• _Work task_
Give the listing back in full, exactly as written, with the pictures removed.
*** Opening Information provided ***
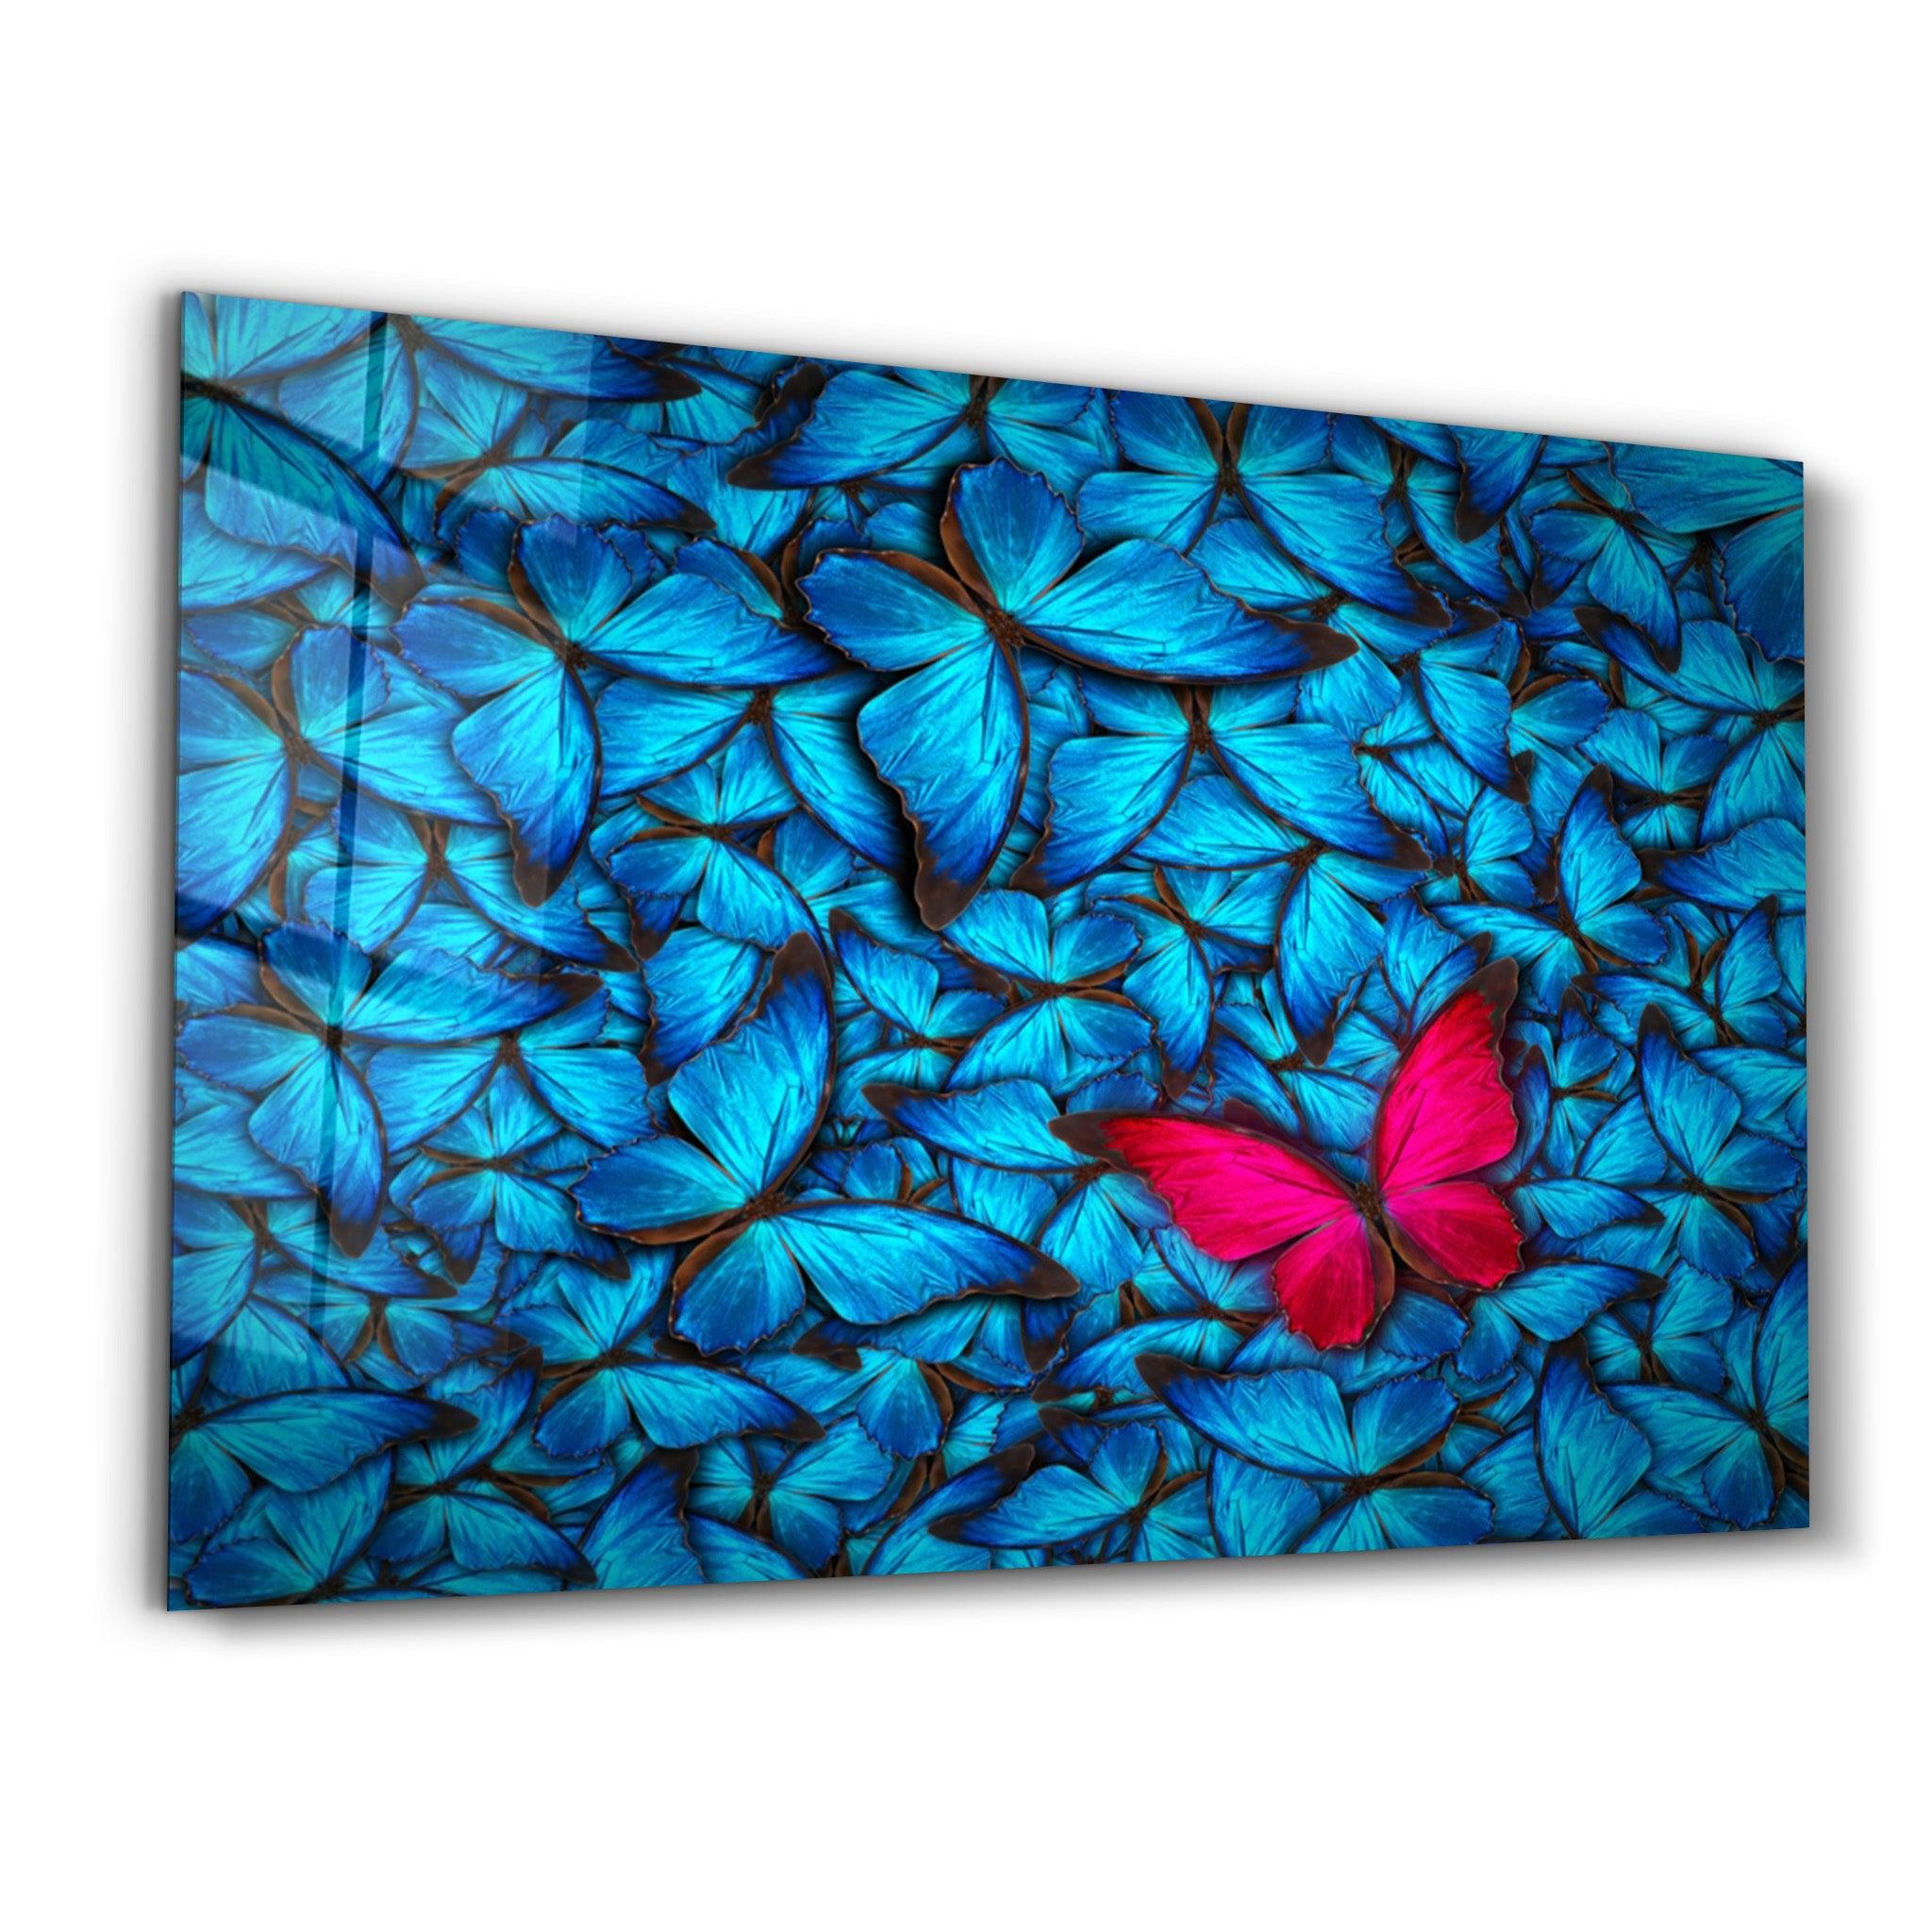 Butterfly 1 | Glass Wall Art - ArtDesigna Glass Printing Wall Art
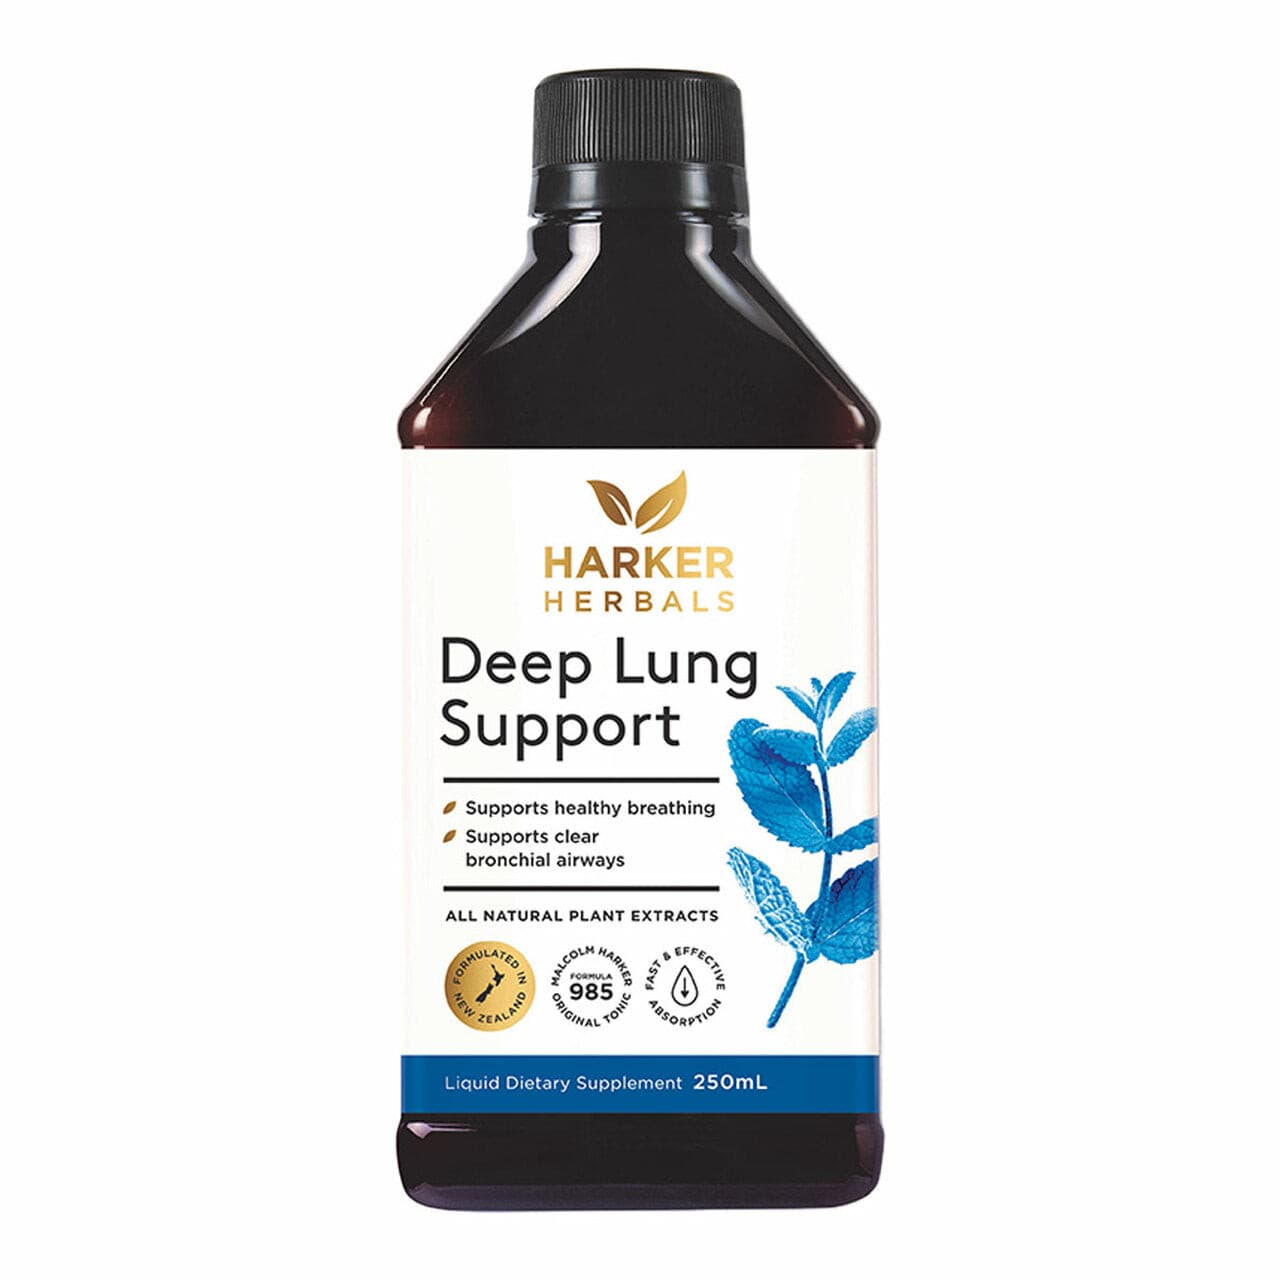 Harker Herbals Deep Lung Support.
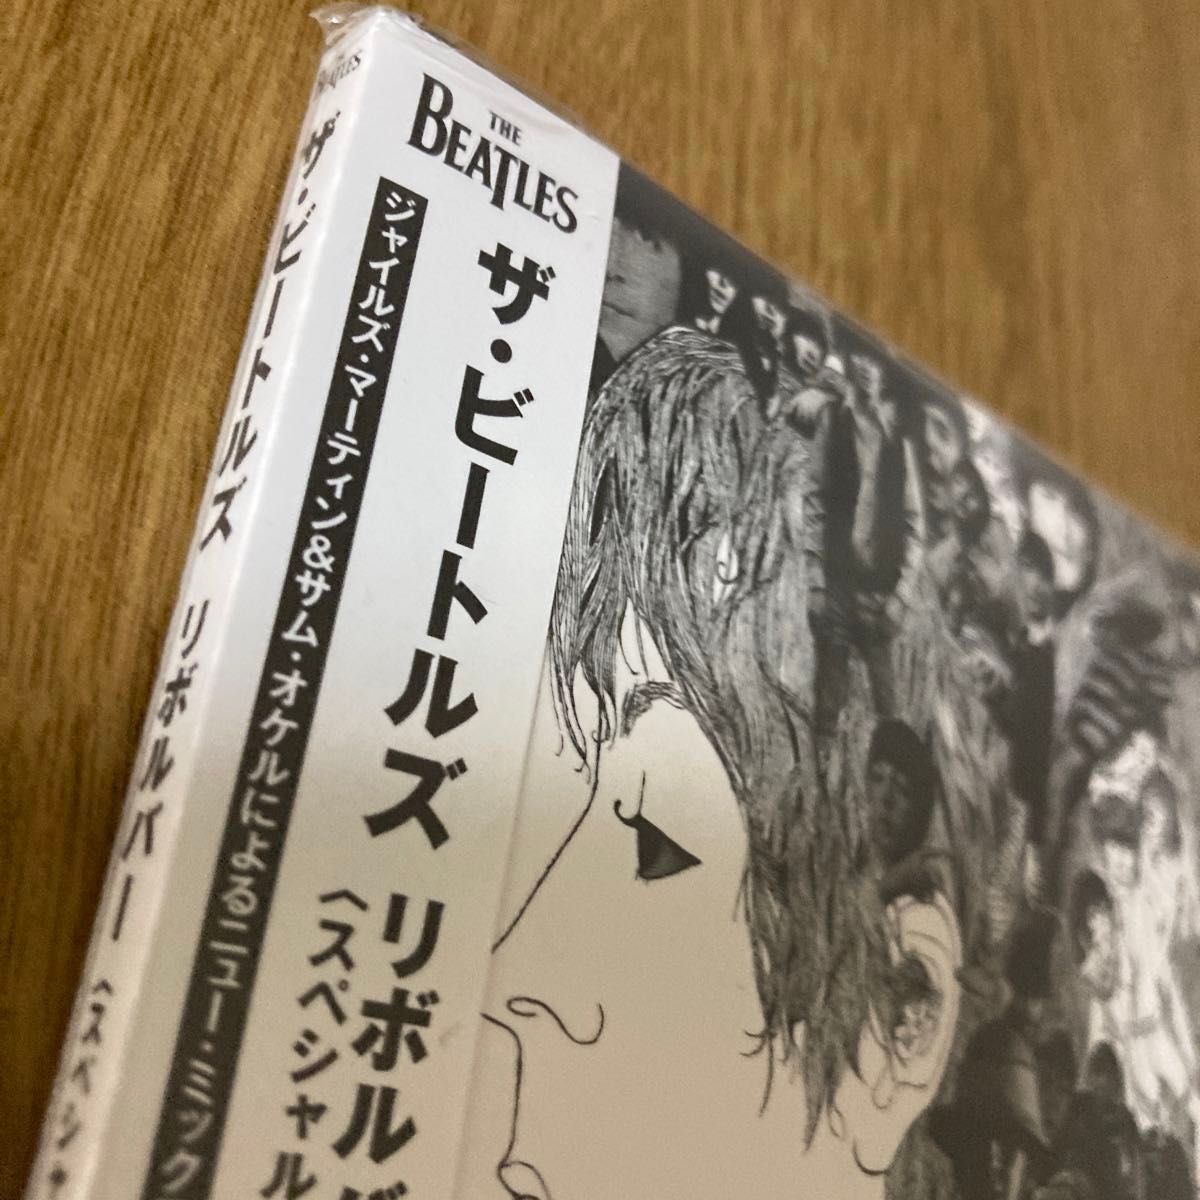 SHM-CD/リボルバー (スペシャルエディション [1CD])★ビートルズ★ The Beatles
*** Closing Information provided ***
• _Answer for this exercise_
 Butterfly 1 | Glass Wall Art - ArtDesigna Glass Printing Wall Art
 Harker Herbals Deep Lung Support.
 SHM-CD/リボルバー (スペシャルエディション [1CD])★ビートルズ★ The Beatles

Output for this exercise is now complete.